The funding picture behind the headlines
According to Atomico’s State of European Tech and data from Dealroom and PitchBook, late‑stage activity fell sharply last year but has stabilized, with a higher share of rounds led or joined by deep‑pocketed global funds alongside Europe’s top tier. Notably, several unicorn‑making raises in this cohort were sub‑$200 million—suggesting valuations are being set more by traction and quality of revenue than by sheer check size.
There’s also a geographic and institutional pattern. Germany, the UK, France, Finland, Ireland, and Sweden feature prominently, while strategic investors—Airbus, Hensoldt and others—appear alongside traditional VCs. The NATO Innovation Fund’s early activity is already visible in dual‑use outcomes.
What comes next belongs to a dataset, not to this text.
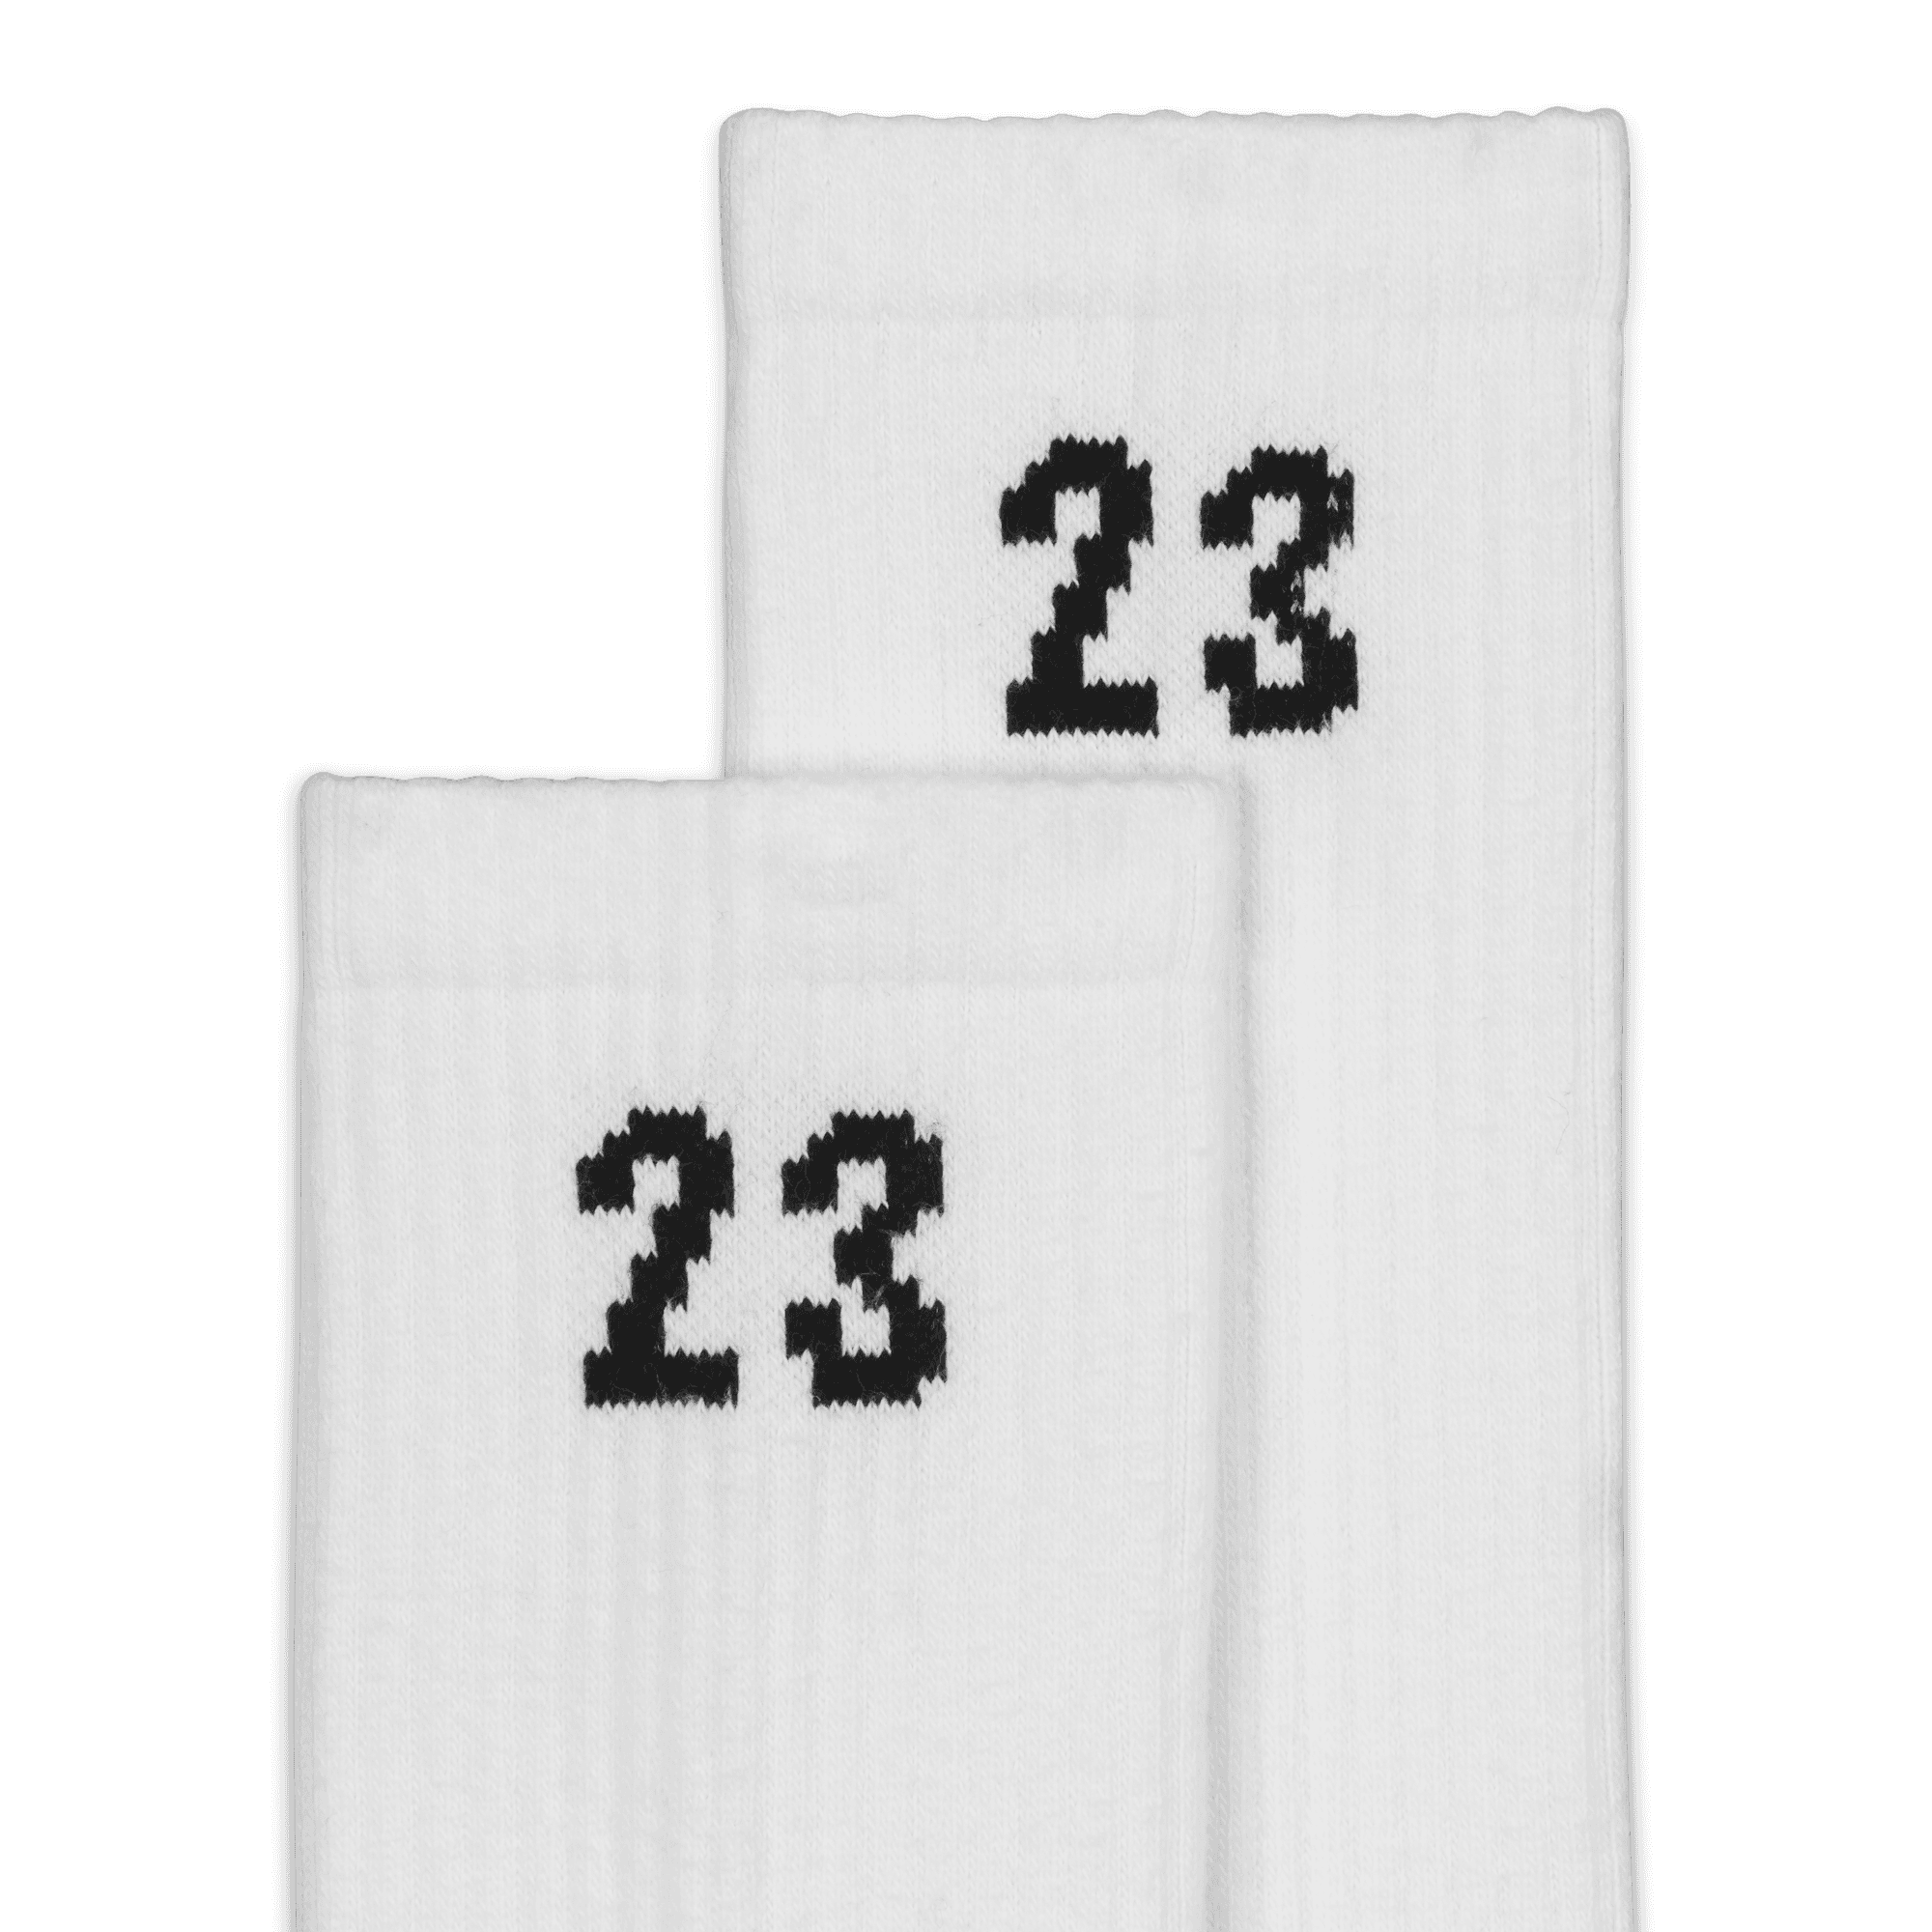 Jordan Essentials Crew Socks (3 Pairs).

And university spinouts continue to punch above their weight, with Technical University of Munich adding another unicorn via Isar Aerospace.
Why this cohort matters
This year’s unicorns look different from the 2021 class: fewer blitz‑scaled consumer plays, more mission‑critical software, regulated‑market expertise, and hard tech. That mix should prove more resilient if conditions tighten again. It also signals that Europe’s strengths—world‑class research, tight industry‑academia links, and a growing pool of repeat founders—are translating into billion‑dollar companies across multiple verticals.
If the pace holds, Europe will exit the year with a healthy new crop of unicorns and, more importantly, a pipeline of durable public‑market candidates. For founders, the takeaway is clear: with the right metrics and a defensible edge, the billion‑dollar threshold is open for business again.